I was quite happy with it while it was working, it was only varying by a few tenths of a degree overnight (when it wasn't being opened). It was only at 4.30am on the fateful day in the graph above that it decided to give up completely. The compressor had stopped and it wouldn't start the next day. Several days later we tried again and off it went and chilled down as if nothing had happened, until the next episode six weeks later.

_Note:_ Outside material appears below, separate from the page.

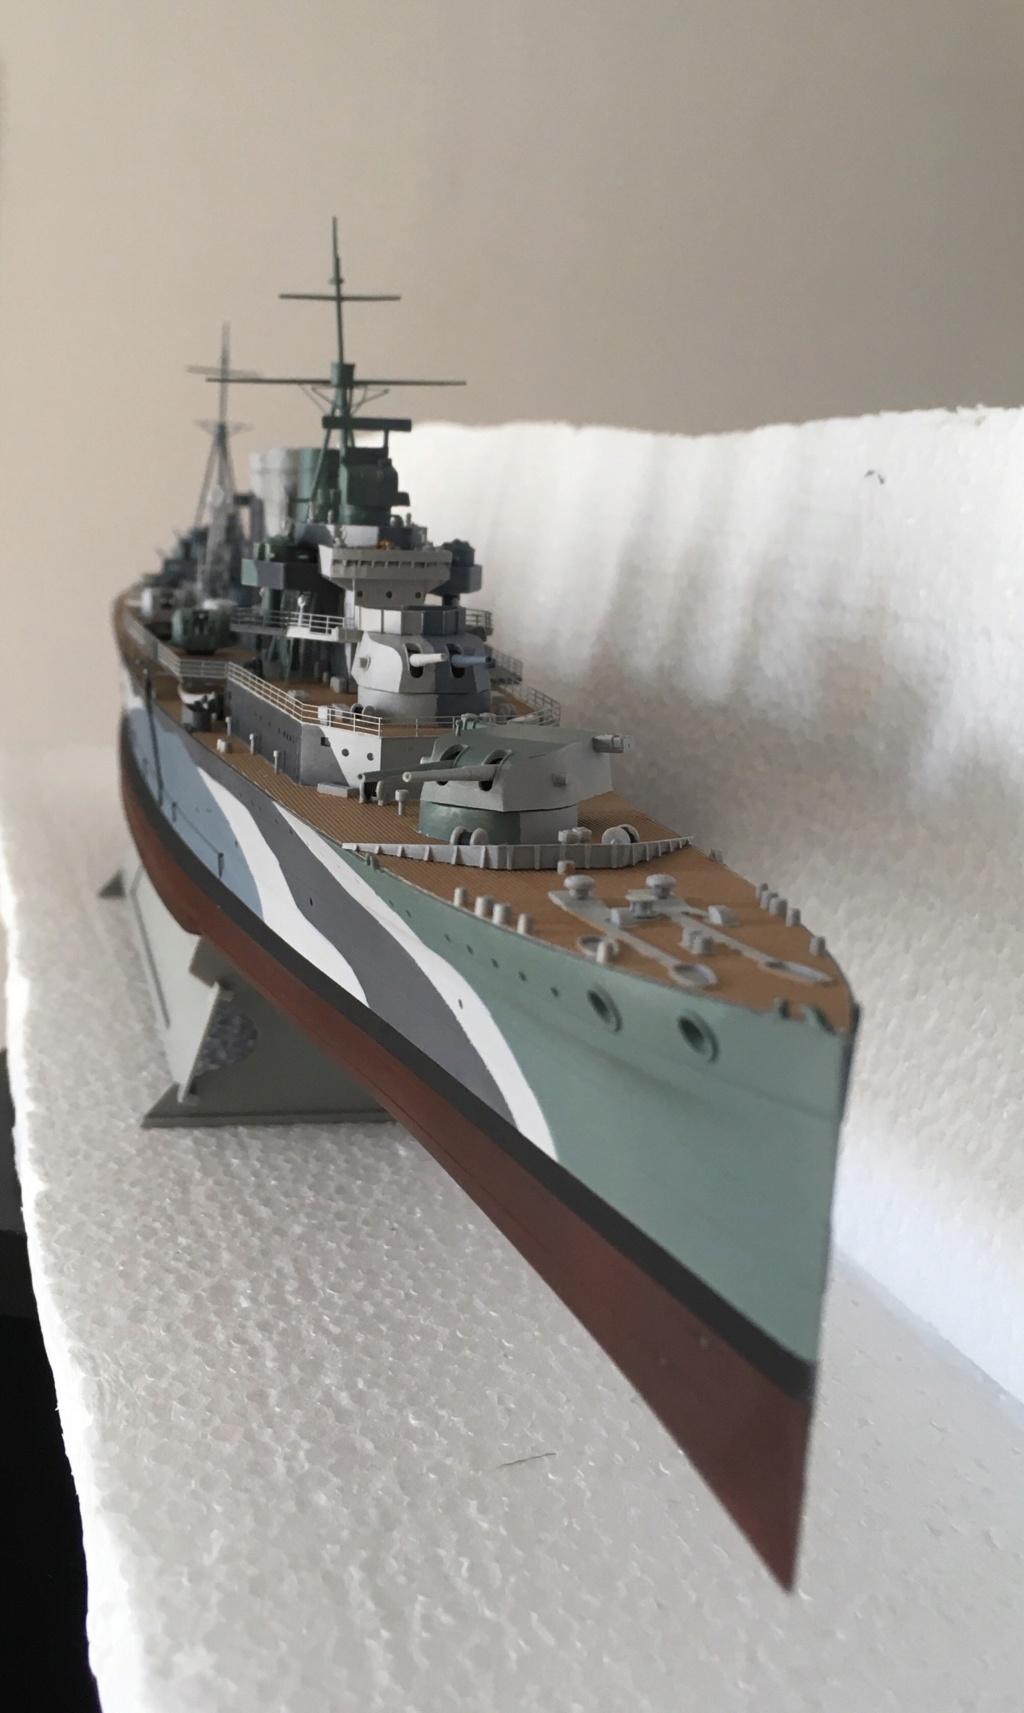 Croiseur lourd HMS Kent - 1/350 - Trumpeter - Eric78 - Page 2 6bb65f10
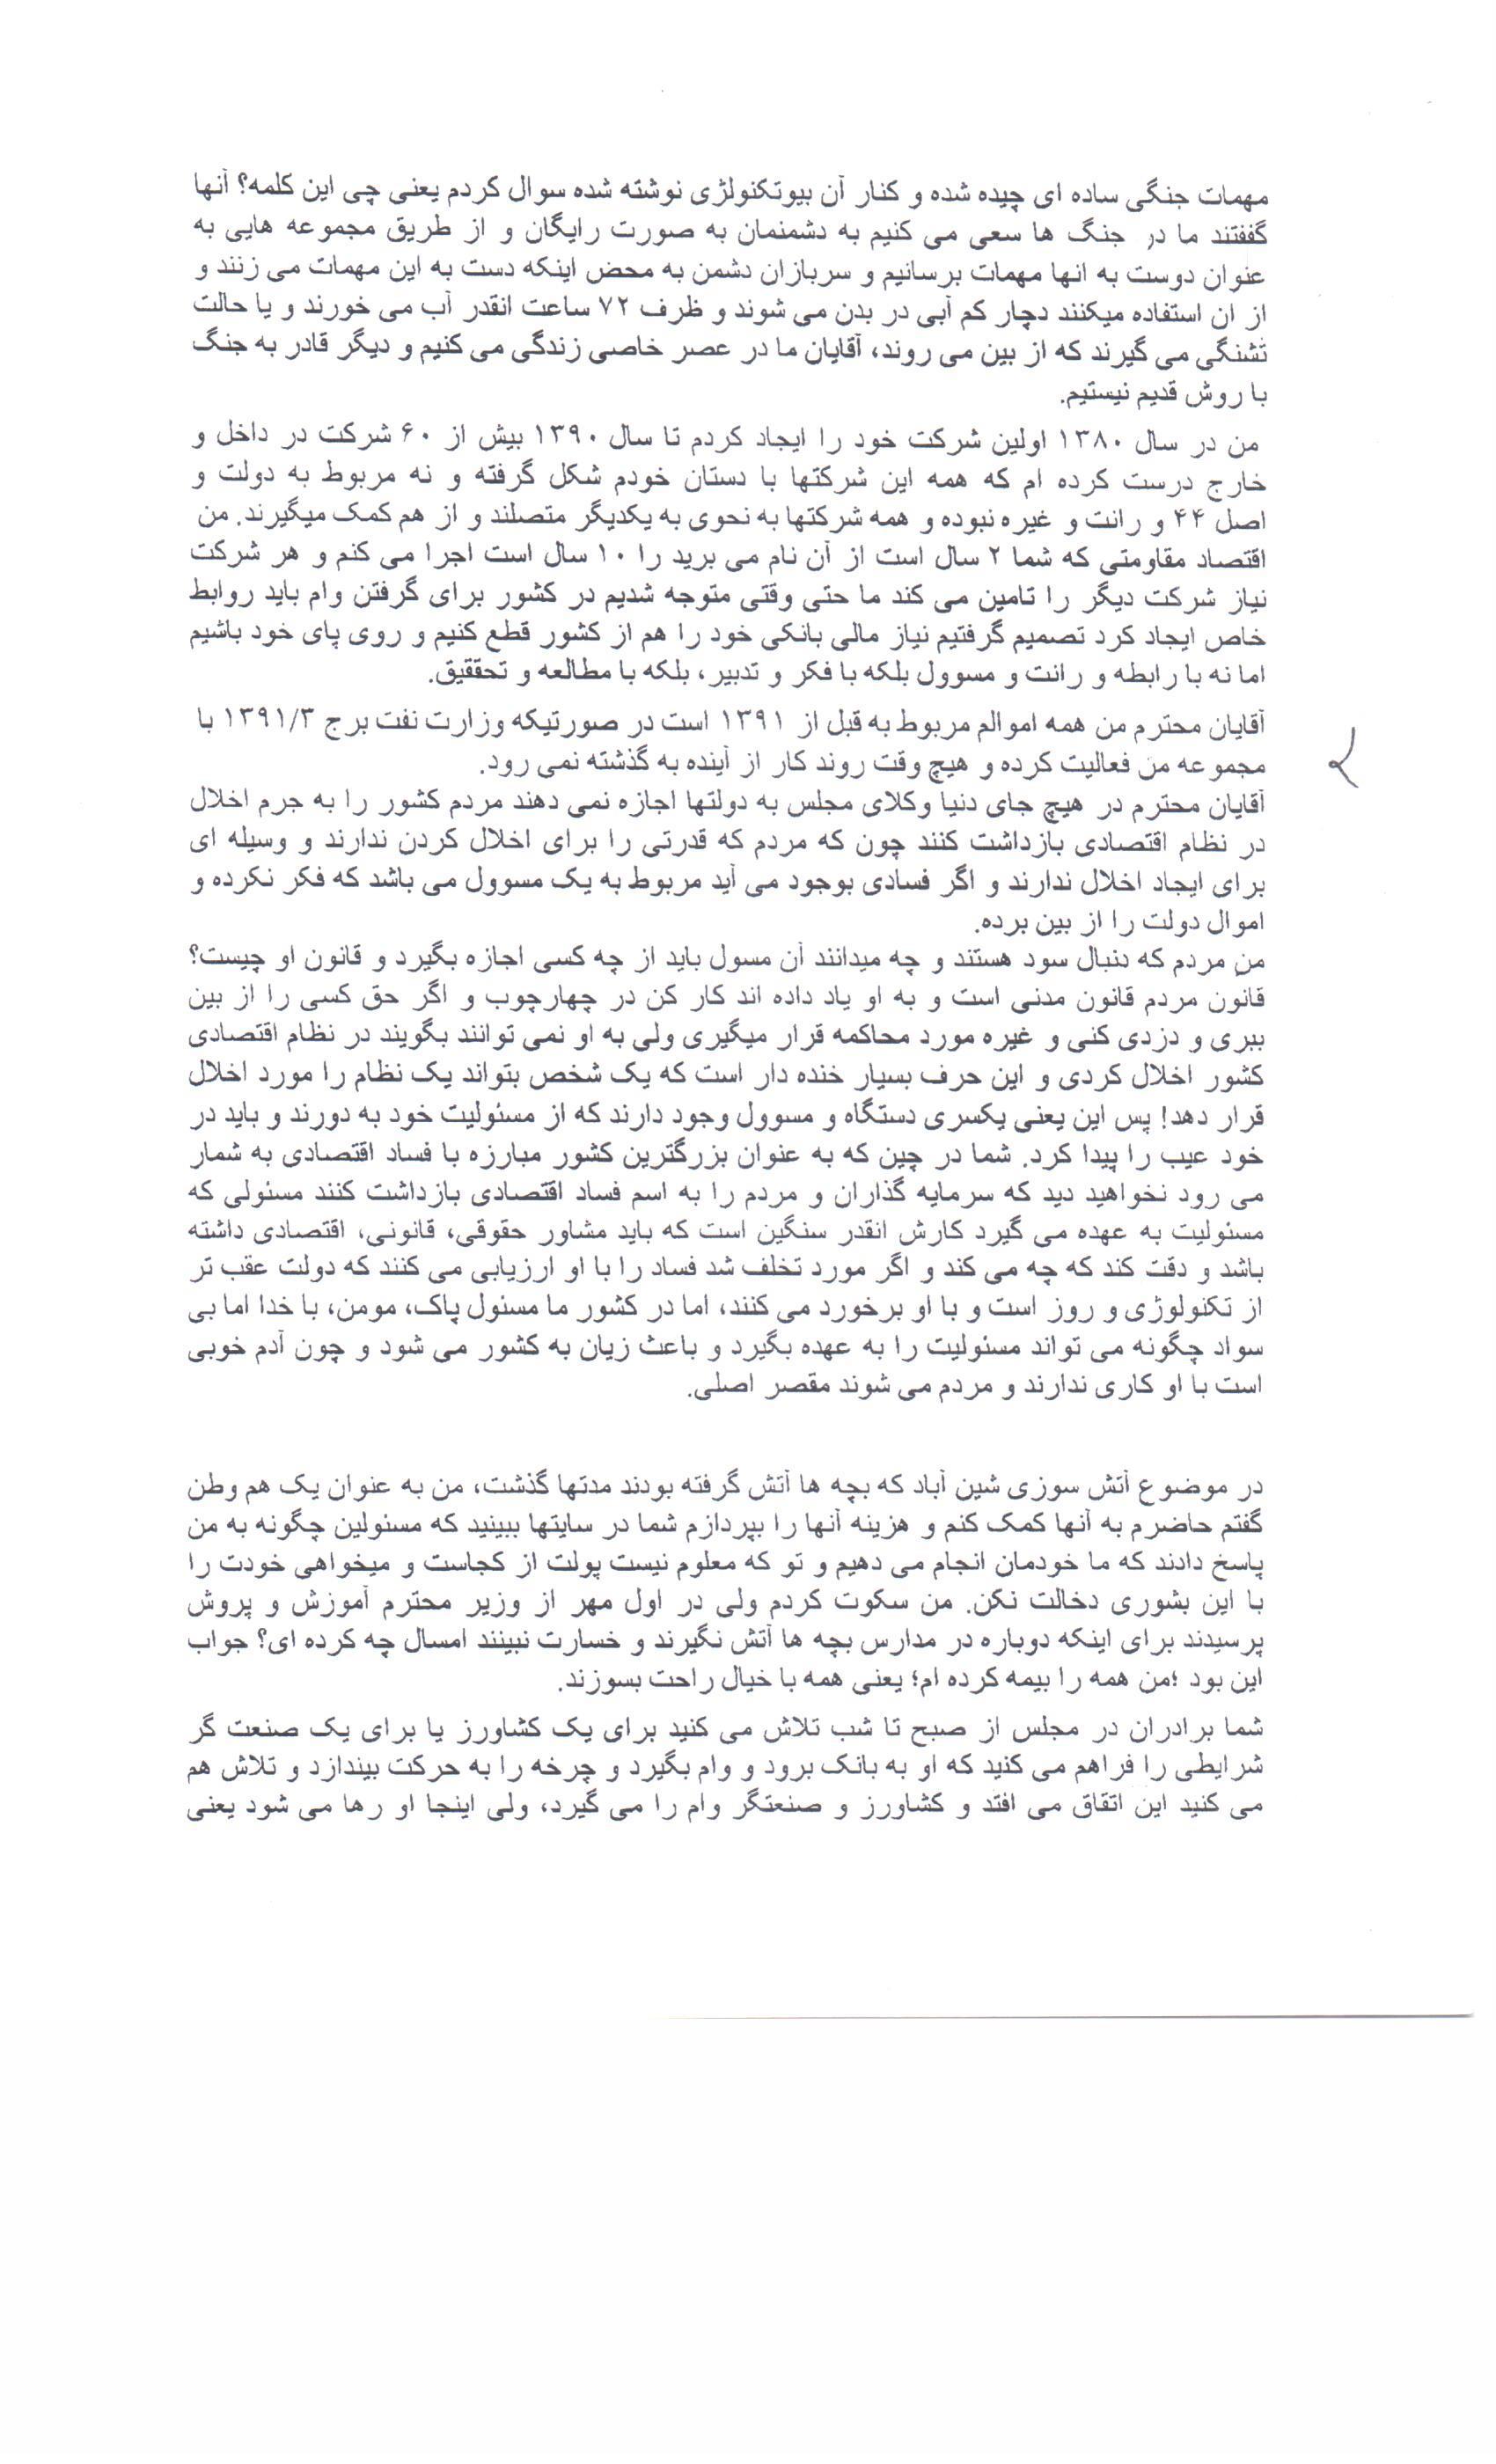 رونمایی از 5 صفحه نامه

We have since bought a £10 bargain old freezer as a temporary stop gap but it's pretty bad. It's keeping up to temp but it's on more than it's off. I stuck the same temp sensor in it and this old wheezing thing (the top seal is poor) is varying by more than two degrees and working itself to death doing it.

Dodgy old £10 freezer
Old FB chest freezer.png


I managed to pop the thermostat control knob out and get to the nut so I'll be back in a few months to report on whether it cured it! Thanks for your replies. :)
 
Back sooner than I thought! I'm struggling to get the new thermostat probe back in. It has a nice plastic tube to guide it and it slides into it perfectly but it comes to a sudden stop with a light clonk with about a foot of the probe still to go. The old probe is the same. As is the bit of stiff wire I tried. It feels like the end of the guide tube inside the freezer has moved slightly so the probe misses where it supposed to go. Has anyone else had this? Any tips I could try? :) There doesn't seem to be any way of getting at the freezer insulation to look at what is going on. :(

Edit- I'm wondering if this last foot simply goes into the foam, in which case dare I use my bit of wire in a drill chuck and forge a new path? I can hear that the clonk where the probe stops comes from about half way up the freezer or just over.